Als Student der Moskauer Staatlichen Universität habe ich zufällig angefangen, Spanisch zu lernen. Im Laufe der Zeit entwickelte sich daraus eine Leidenschaft, die sich auf das gesamte gelb-rote Königreich und Lateinamerika auszeichnete - Geschichte, Literatur, Malerei, Film, Musik. Ich wurde ein echter Fan. Ich bin oft nach Spanien gereist, also war der erste Gedanke: "Alles, ich ziehe nach Madrid oder nach Sevilla." Bei der kritischen Beurteilung ihrer finanziellen Möglichkeiten und Perspektiven für den jahrelangen Kampf um Dokumente mit Tränen in den Augen musste dieser Plan jedoch aufgegeben werden.

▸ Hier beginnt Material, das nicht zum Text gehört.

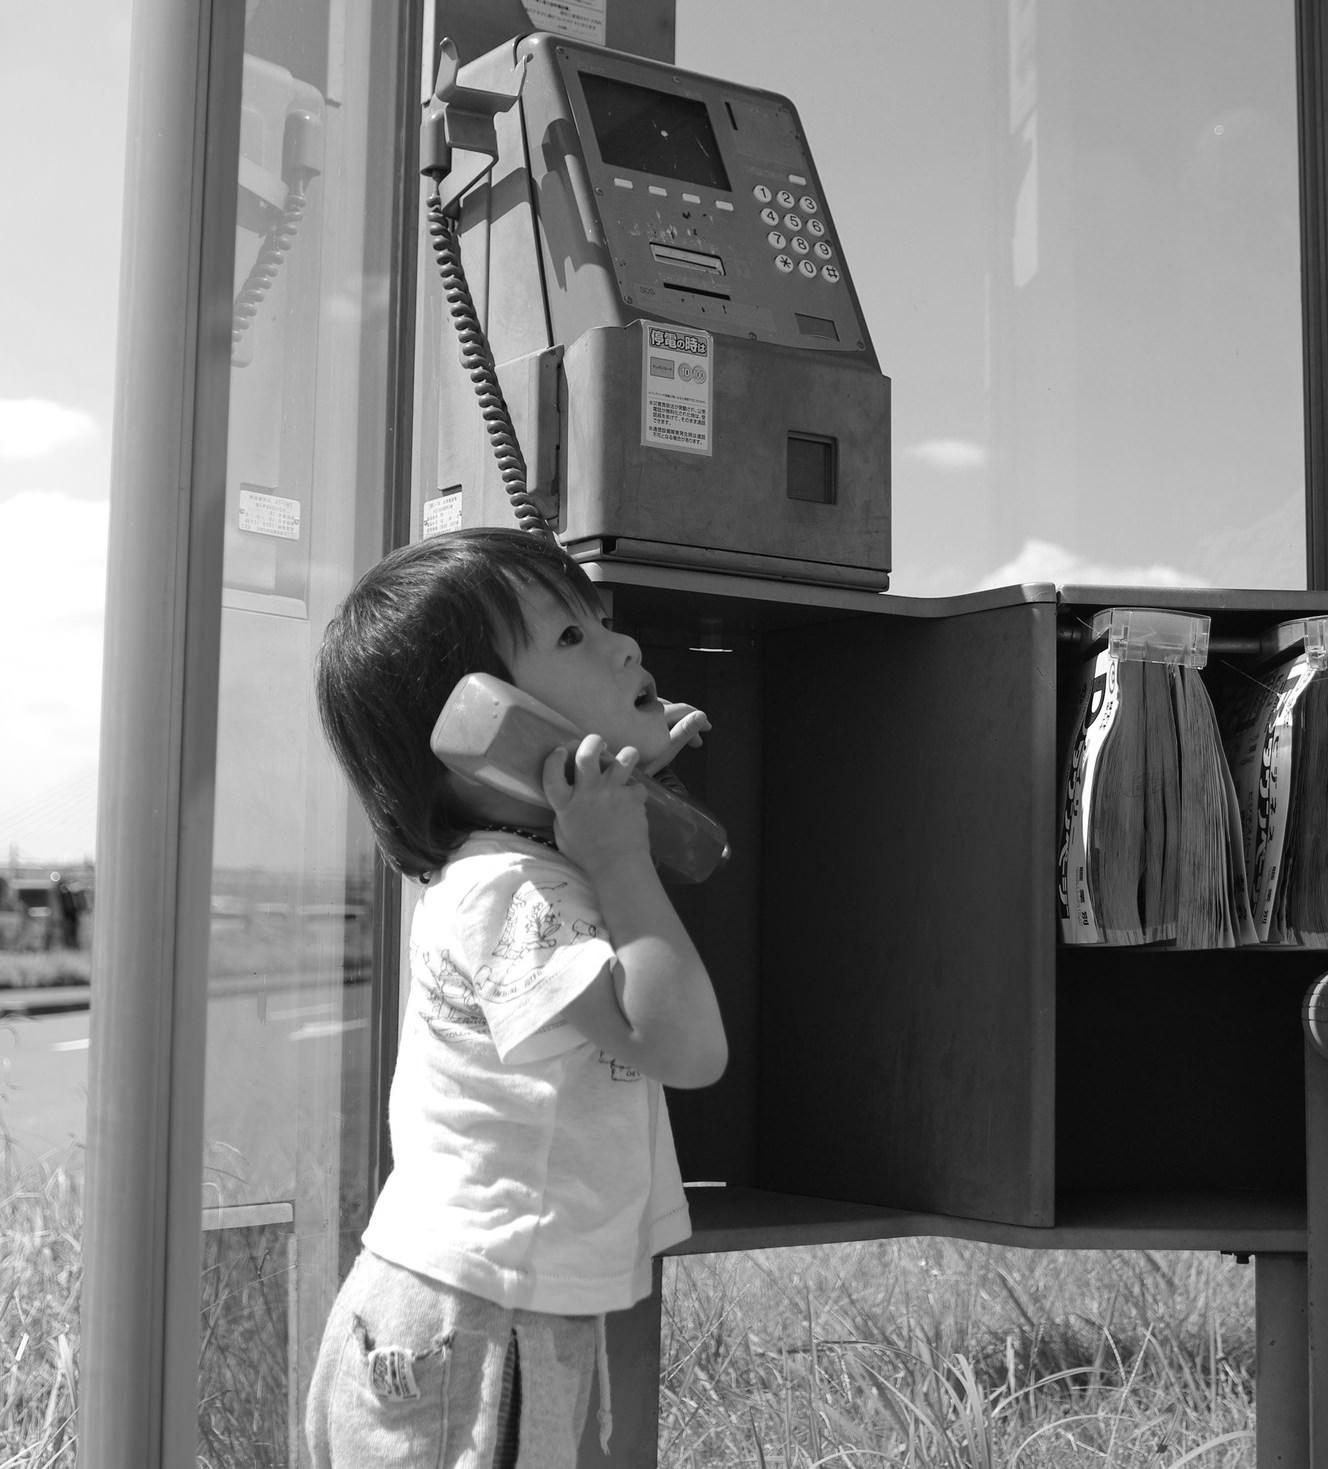 公衆電話を使う子供

Dank der Arbeit in den Nachrichten skizzierte ich allgemein, was in jedem der Länder Lateinamerikas auf mich wartete. Und ich habe mich für das sicherste, europäischste und klimafreundlichste entschieden - ich war nicht bereit für tropische Hitze und exotische Insekten. Sie war Argentinien. Wie in den meisten Ländern der Region ist für die Russen in den ersten sechs Monaten kein Visum erforderlich. Mit den Einnahmen wurde das Problem zumindest zum ersten Mal gelöst: Die Remote-Arbeit für ein kleines Moskauer Magazin, das über Architektur und Design schrieb, kam sehr gut an. Während ich das Ticket kaufte, suchte ich in Buenos Aires über das Internet ein Zimmer und fand alle Details des argentinischen Alltags heraus, es war überhaupt nicht beängstigend. Die Angst überholte mich etwa drei Wochen vor der Abreise. Und als Beruhigungsmittel und Wohltat für den lokalen Slang habe ich fast die gesamte Lieblingsserie der Kindheit in der Kindheit überarbeitet - „The Wild Angel“ mit Natalia Oreiro in der Titelrolle.

Buenos aires

Während das Flugzeug landete, schaute ich mit Interesse in die Bullaugenlichter von Buenos Aires, die ich nur aus den Romanen von Julio Cortasar kannte, mehrere Filme und Geschichten über bekannte, in Italien lebende Argentinier. In Moskau war es Spätherbst und der erste Schnee, und hier begrüßte mich die Nacht mit einem warmen Frühlingsregen. Als ich am Morgen das Stadtzentrum erreichte, um den Obelisken herumging und Jacaranda in einem lila Blumennebel sah, wurde mir klar, dass es Liebe auf den ersten Blick war und ich ohne diese Stadt niemals mehr leben könnte.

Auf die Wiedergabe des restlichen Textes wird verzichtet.